Poder-se-á pensar que um filme em constante velocidade máxima não tem espaço para se expandir no detalhe e na narrativa, mas Miller sabe fazê-lo como ninguém , afinal foi ele o inventor deste conceito e aproveitou para o optimizar. Foram 30 anos a refinar um filme, a rejeitar ideias más, mandar folhas amarrotadas para o lixo, polir conceitos, dar vida a personagens, a desenhar veículos e criaturas horrendas. Tempo houve para delinear a estratégia. E o detalhe do mundo de Max é rico em texturas e sons. Imagens de relance servem para explicar conceitos que verbalmente poderiam demorar uma eternidade. A sociedade em que se vive é disso exemplo. Ou as regiões pantanosas, os lagos de sal. Todo o visual do filme fala por si, explica-se a si próprio como se tivesse voz. A sujidade, a poeira, as areias, o sangue e o óleo. Ao contrário da limpeza reluzente do habitual blockbuster de verão.
Charlize Theron é a co-piloto desta aventura e muito se tem escrito sobre as tendências feministas e da agenda escondida deste tipo de argumento. Não concordo porque quem conhece o cinema de acção sabe que uma mulher forte a liderar e a esfolar com veemência não é nenhuma novidade. Tarantino e Rodriguez usam-nas bastante, só para dar um exemplo mais imediato. A linha narrativa do papel da mulher no passado, presente e futuro deste pós-apocalipse é a chave da genialidade deste aparente liso argumento, que de modo sinuoso mostra a importância da importância de uma ajuda feminina neste caos de “boys and their toys” futurista. São elas a chave do futuro.

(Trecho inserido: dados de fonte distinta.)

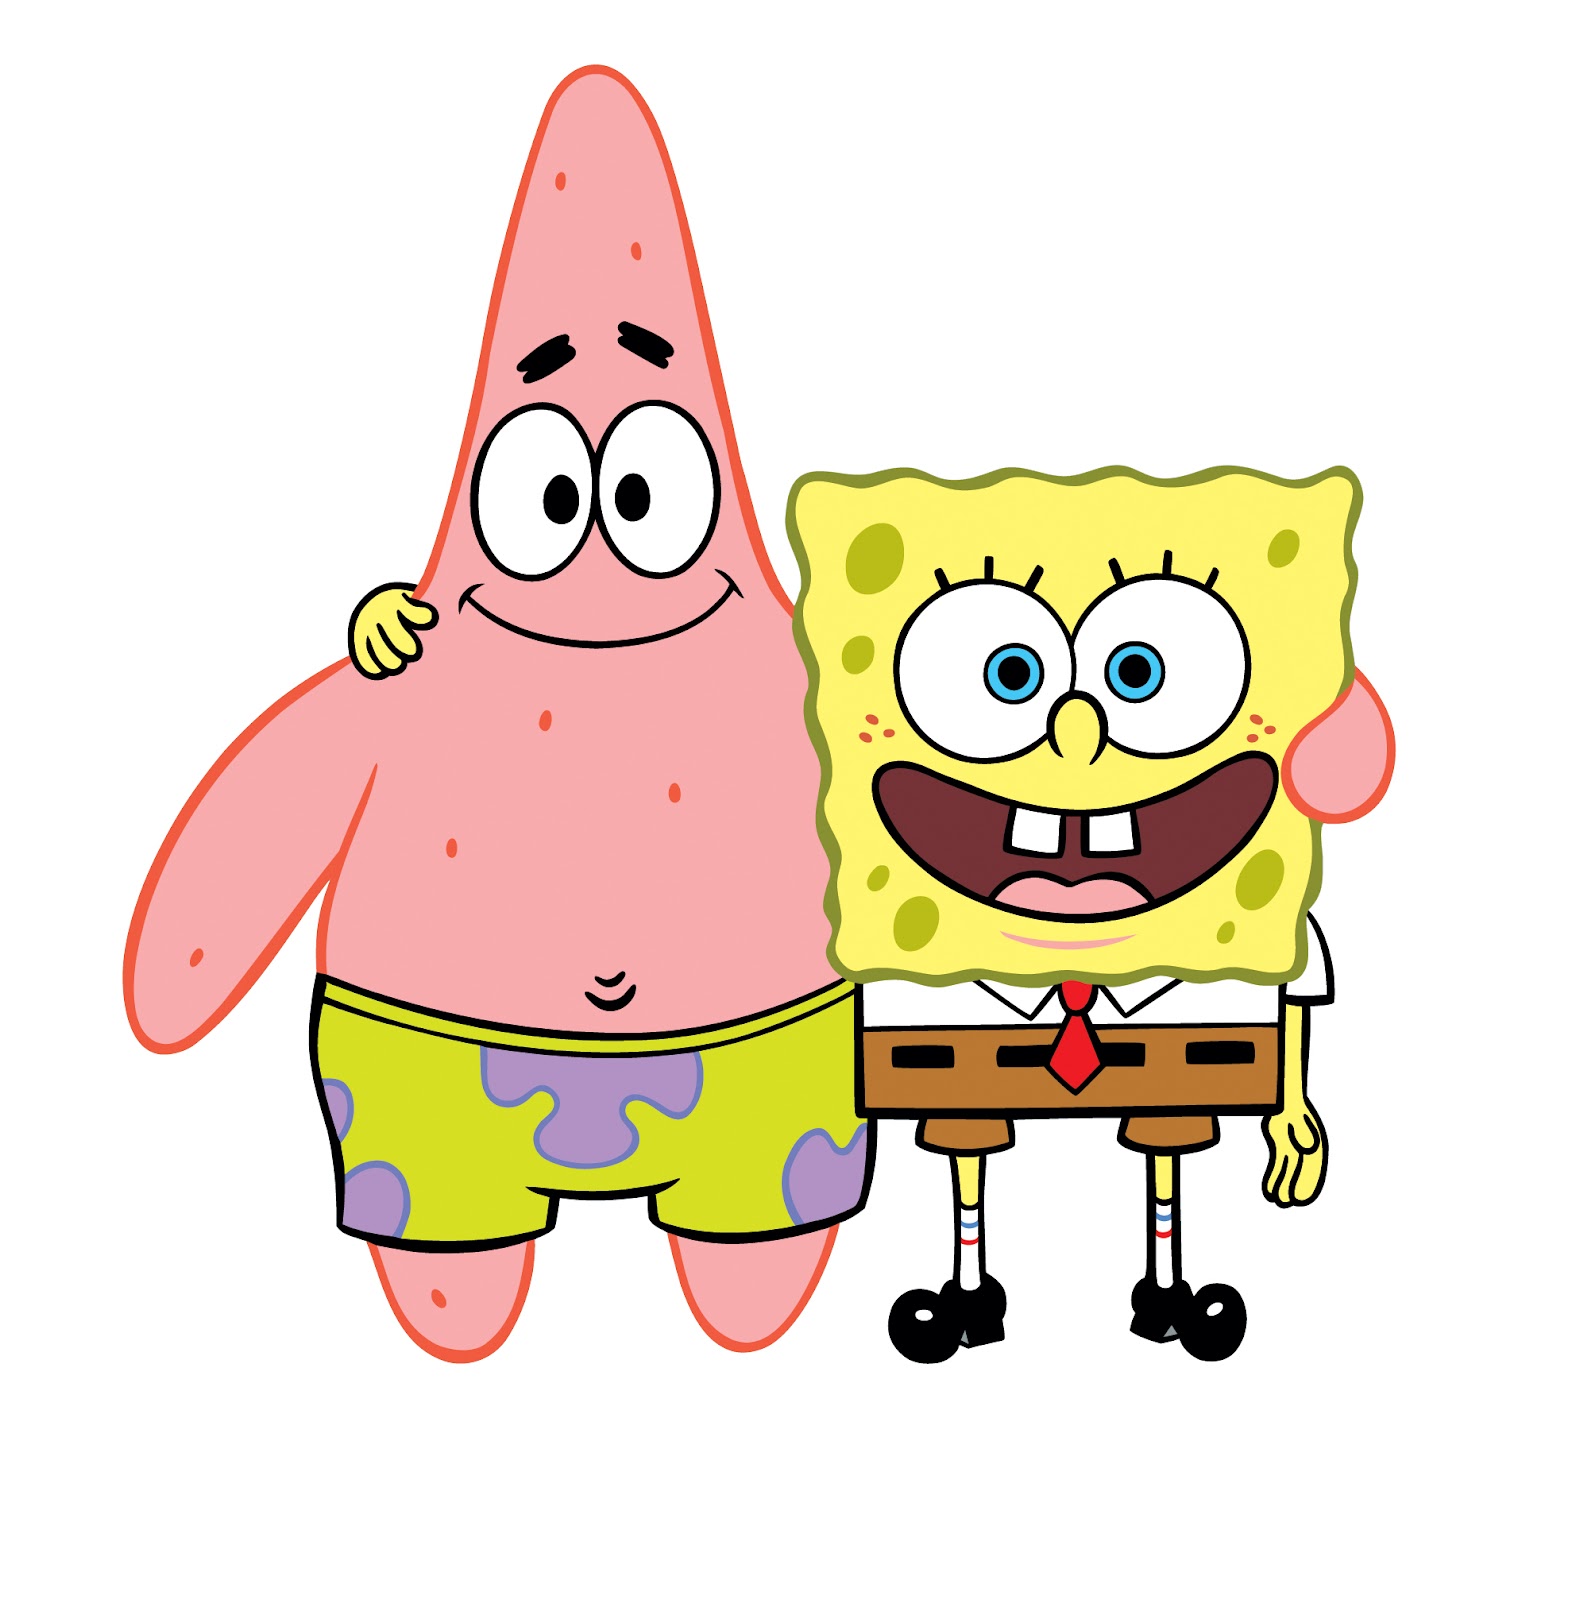 Spongebob-Patrick-spongebob-squarepants-33210740-1984-2014.jpg

O amor não chegou a florir, eliminando assim o risco de transformar uma ópera pós-moderna de destruição e caos numa telenovela das 9.
Só não atinge a perfeição absoluta pela cedência que foi feita na nudez e na violência gráfica. Em pelo menos 4 cenas notei que os cortes foram demasiado drásticos para não mostrar a verdadeira dimensão da violência. Miller substitui o grafismo por olhares, sons, palavras, expressões ou simples silêncio que não as tornam mais fáceis, só que não são enquadradas na composição. Eu queria ver isso. Queria ver sangue, tripas, pedaços de cérebro a atingir as objectivas. Teria ficado todo contente com um pouco de nudez ou a ocasional berlaitada primitiva, na tradição do Road Warrior.

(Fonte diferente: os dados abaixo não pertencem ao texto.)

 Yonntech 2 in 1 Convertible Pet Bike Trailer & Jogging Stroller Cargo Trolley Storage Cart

Que este exemplo se propague e Hollywood comece a fazer mais filmes virados para a nossa expectativa enquanto cinéfilos e menos para as suas expectativas contabilísticas que penso ser compatíveis com um pouco de visão e arrojo.
My life fades. The vision dims. All that remains are memories. I remember a time of chaos… ruined dreams… this wasted land. But most of all, I remember The Road Warrior. The man we called “Max.”